WORK ORDER: The answer should hold only the lines from the one containing "Back to Jay-Z." through the one containing "Sen Rand Paul, R-Ky., blocked" in the entries below, copied exactly, without pictures.

EXERCISE MATERIALS:
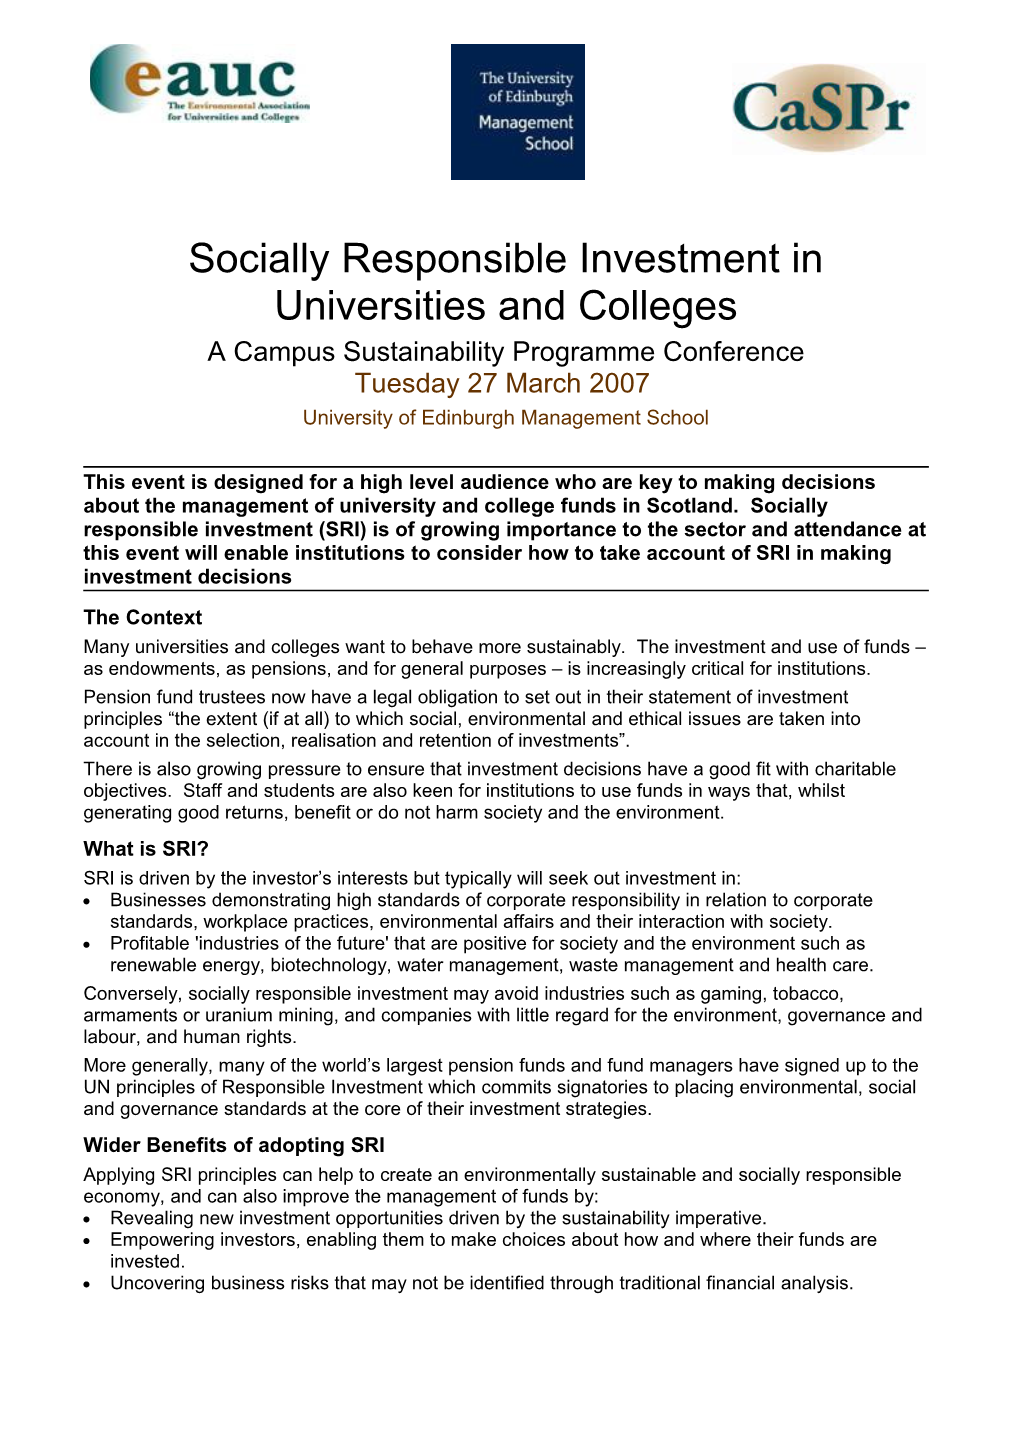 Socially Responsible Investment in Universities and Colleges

...

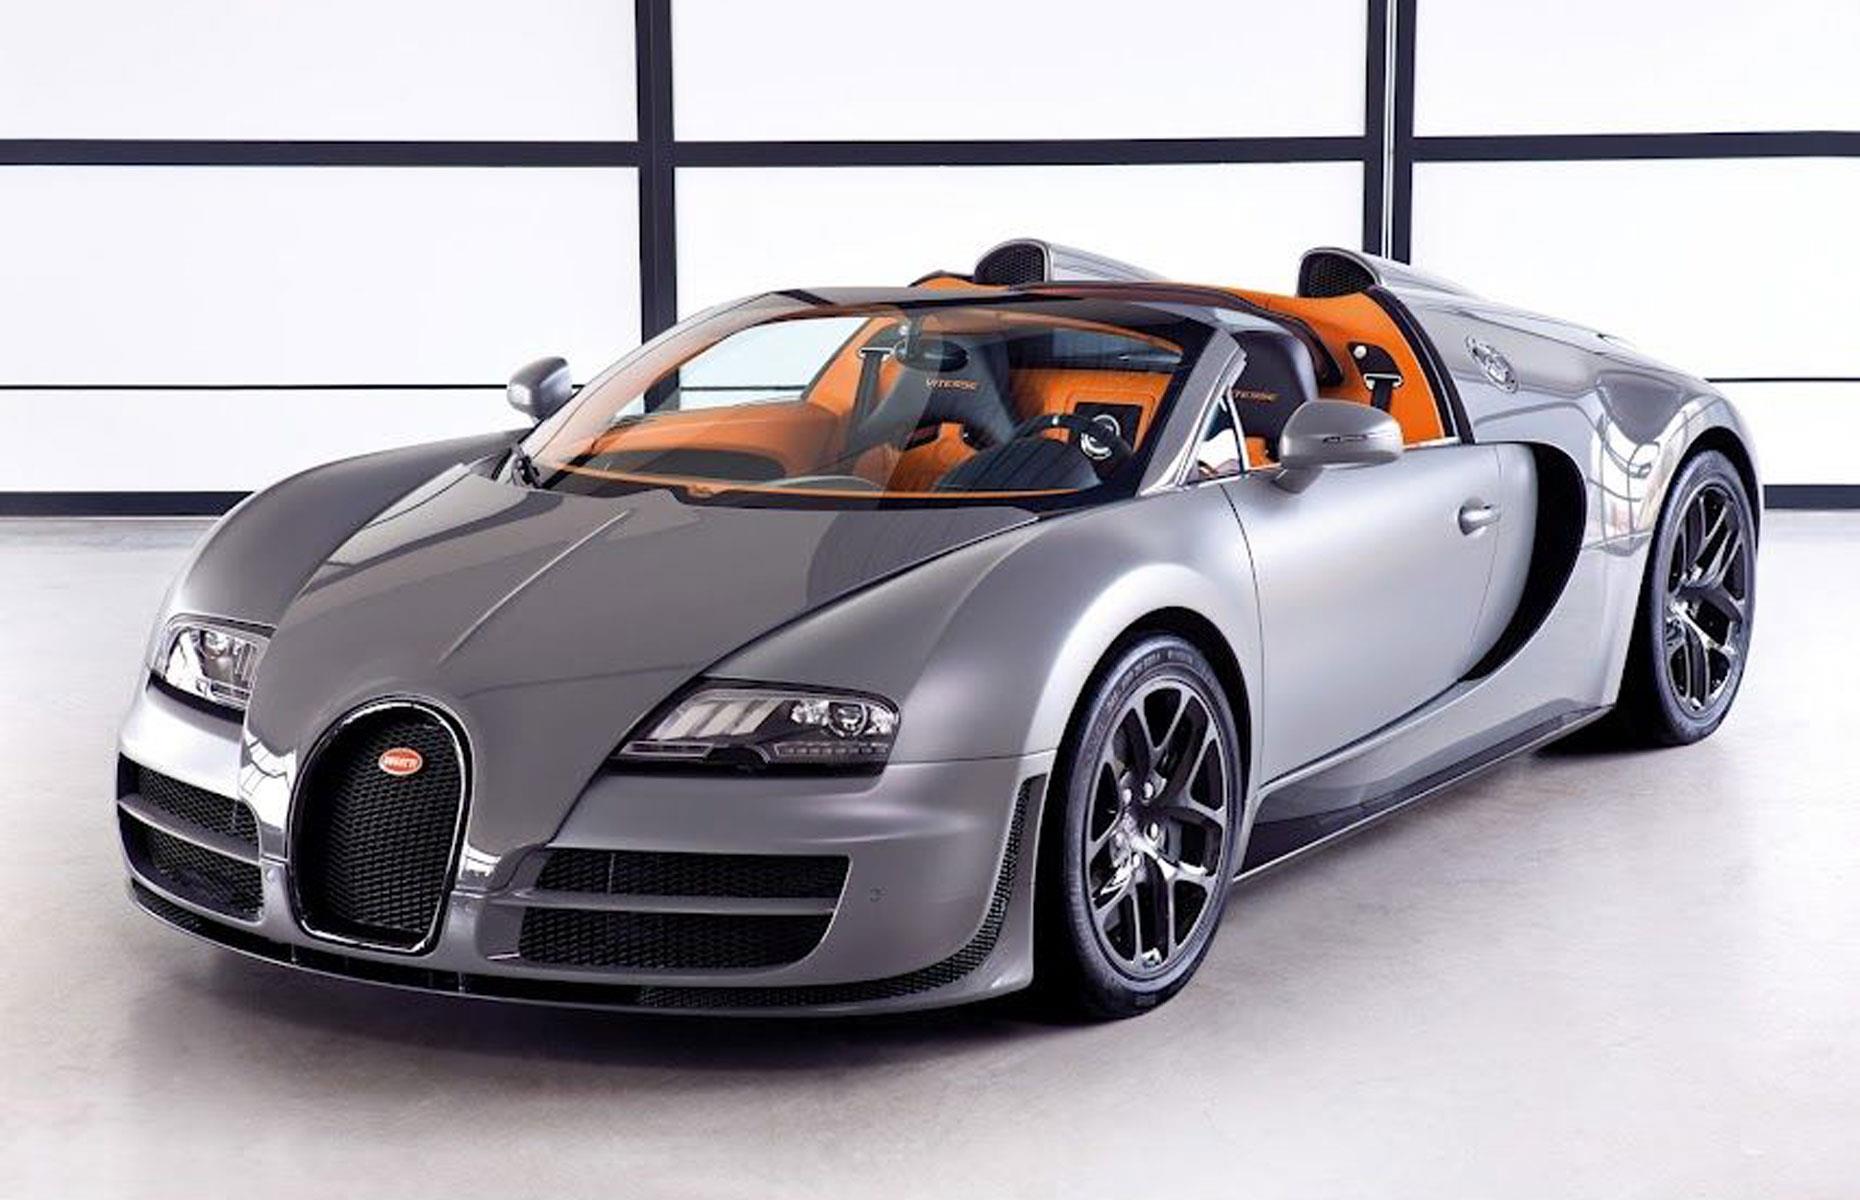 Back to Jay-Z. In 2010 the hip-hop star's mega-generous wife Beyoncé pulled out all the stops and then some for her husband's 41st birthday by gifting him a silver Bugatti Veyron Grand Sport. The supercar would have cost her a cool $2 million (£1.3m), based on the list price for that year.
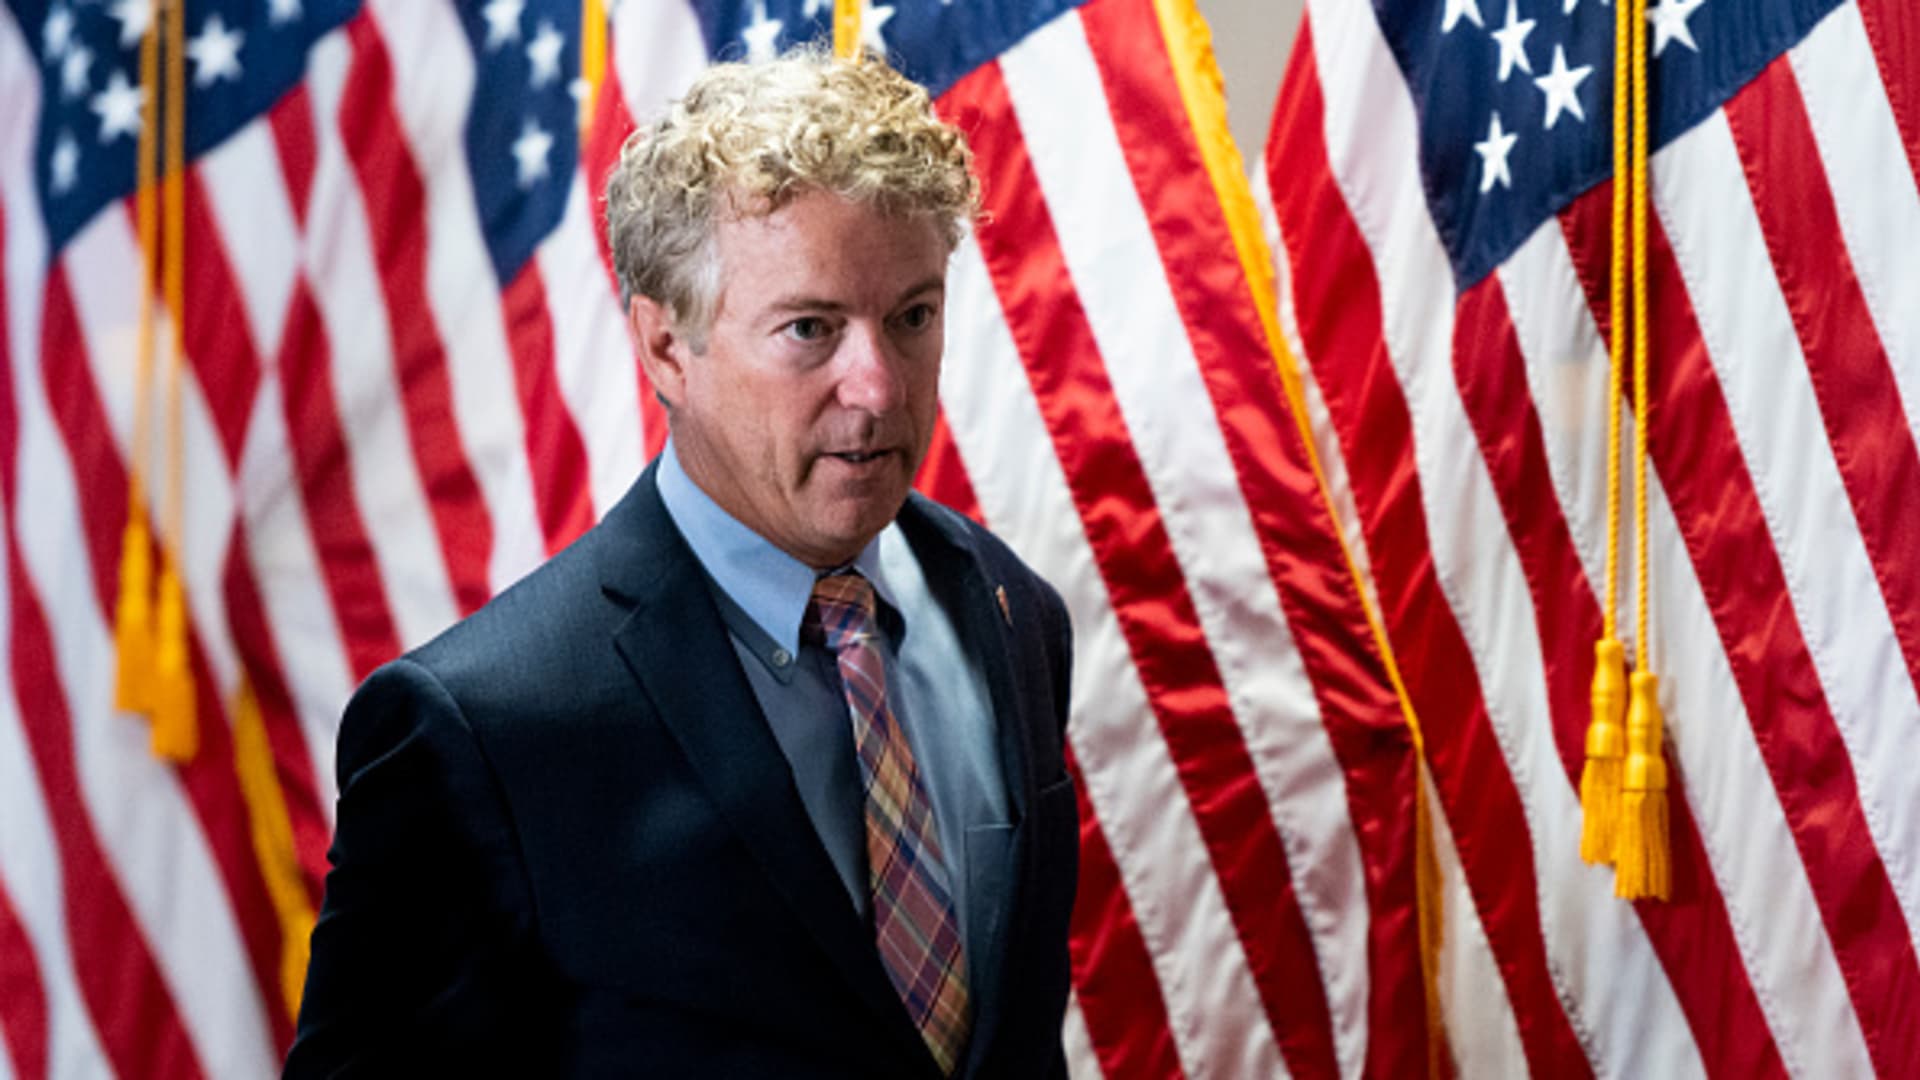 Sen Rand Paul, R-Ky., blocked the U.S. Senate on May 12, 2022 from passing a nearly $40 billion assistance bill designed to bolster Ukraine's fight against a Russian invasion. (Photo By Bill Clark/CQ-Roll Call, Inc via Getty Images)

--

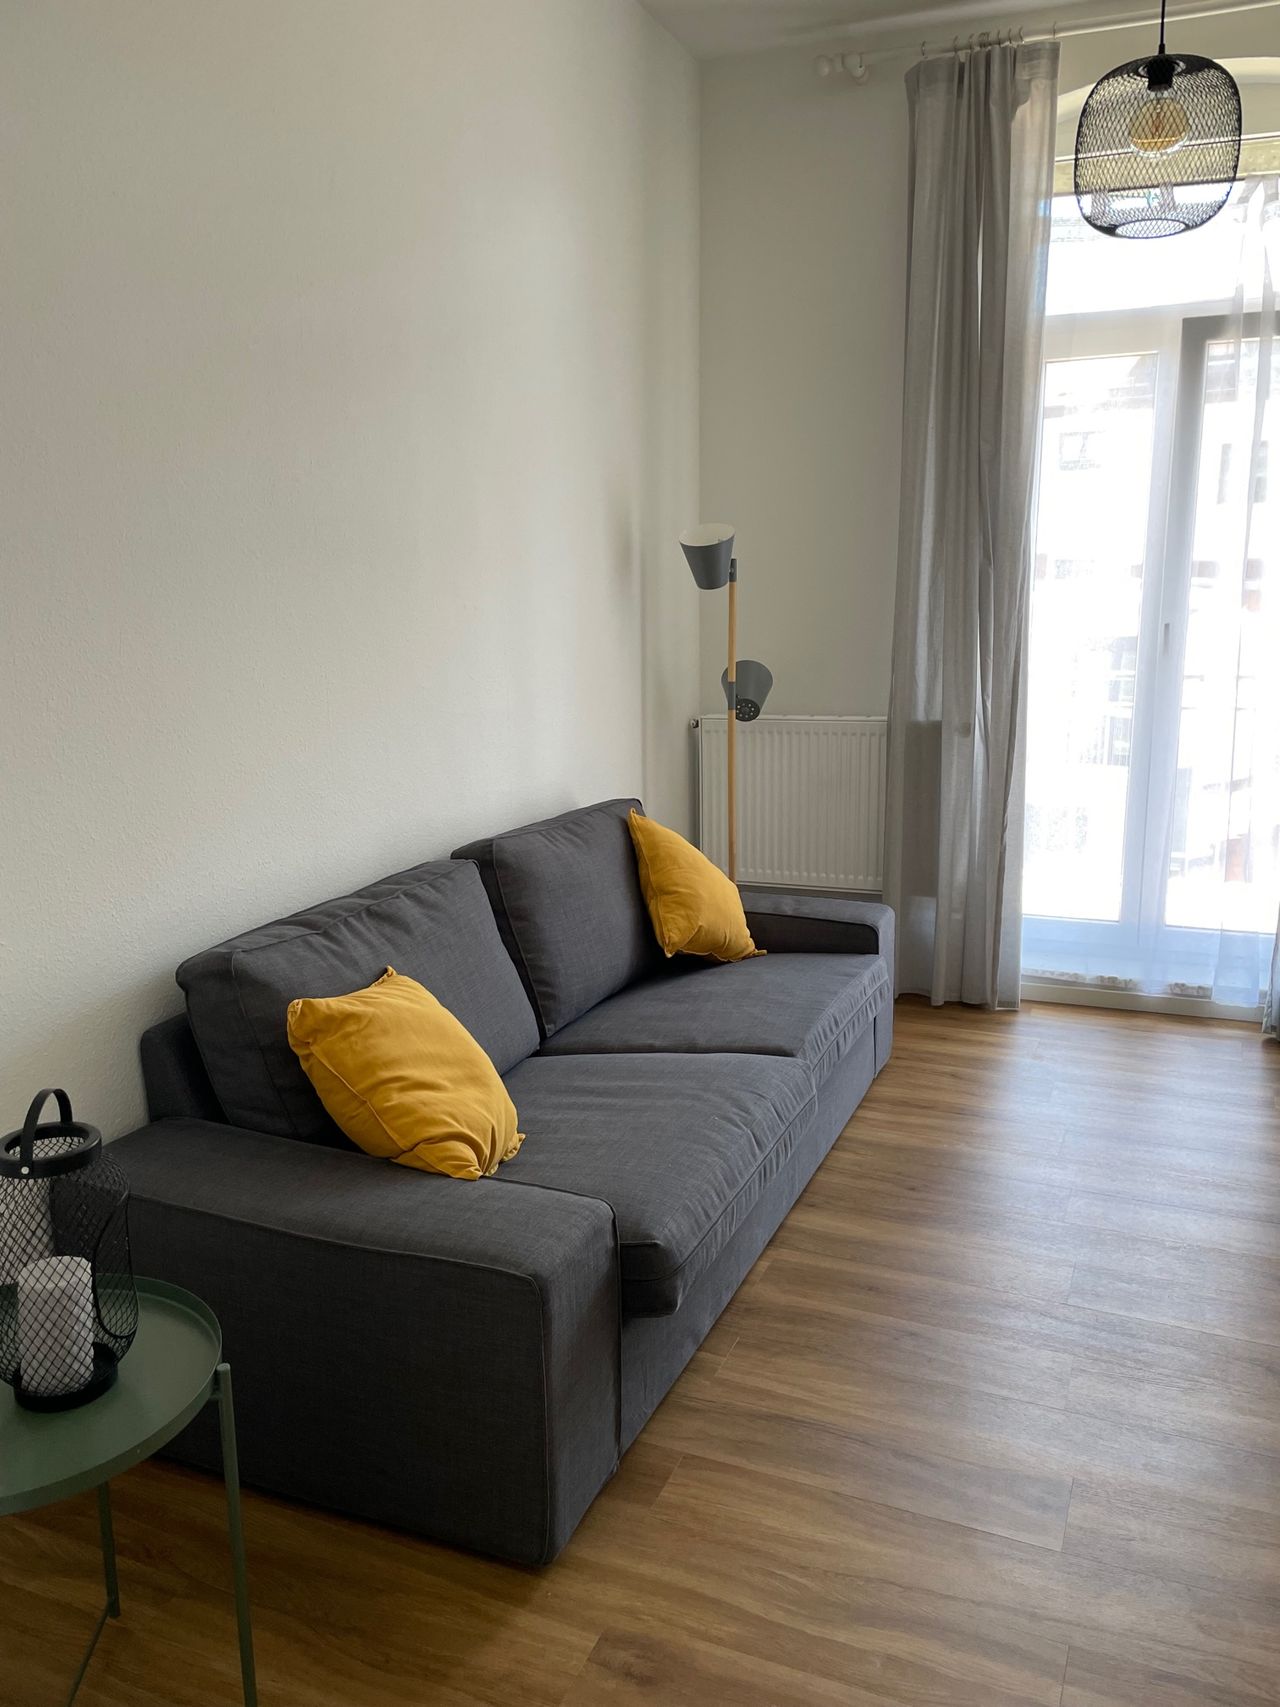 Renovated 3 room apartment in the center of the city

OUTPUT OF THE EXERCISE:
 Back to Jay-Z. In 2010 the hip-hop star's mega-generous wife Beyoncé pulled out all the stops and then some for her husband's 41st birthday by gifting him a silver Bugatti Veyron Grand Sport. The supercar would have cost her a cool $2 million (£1.3m), based on the list price for that year.
 Sen Rand Paul, R-Ky., blocked the U.S. Senate on May 12, 2022 from passing a nearly $40 billion assistance bill designed to bolster Ukraine's fight against a Russian invasion. (Photo By Bill Clark/CQ-Roll Call, Inc via Getty Images)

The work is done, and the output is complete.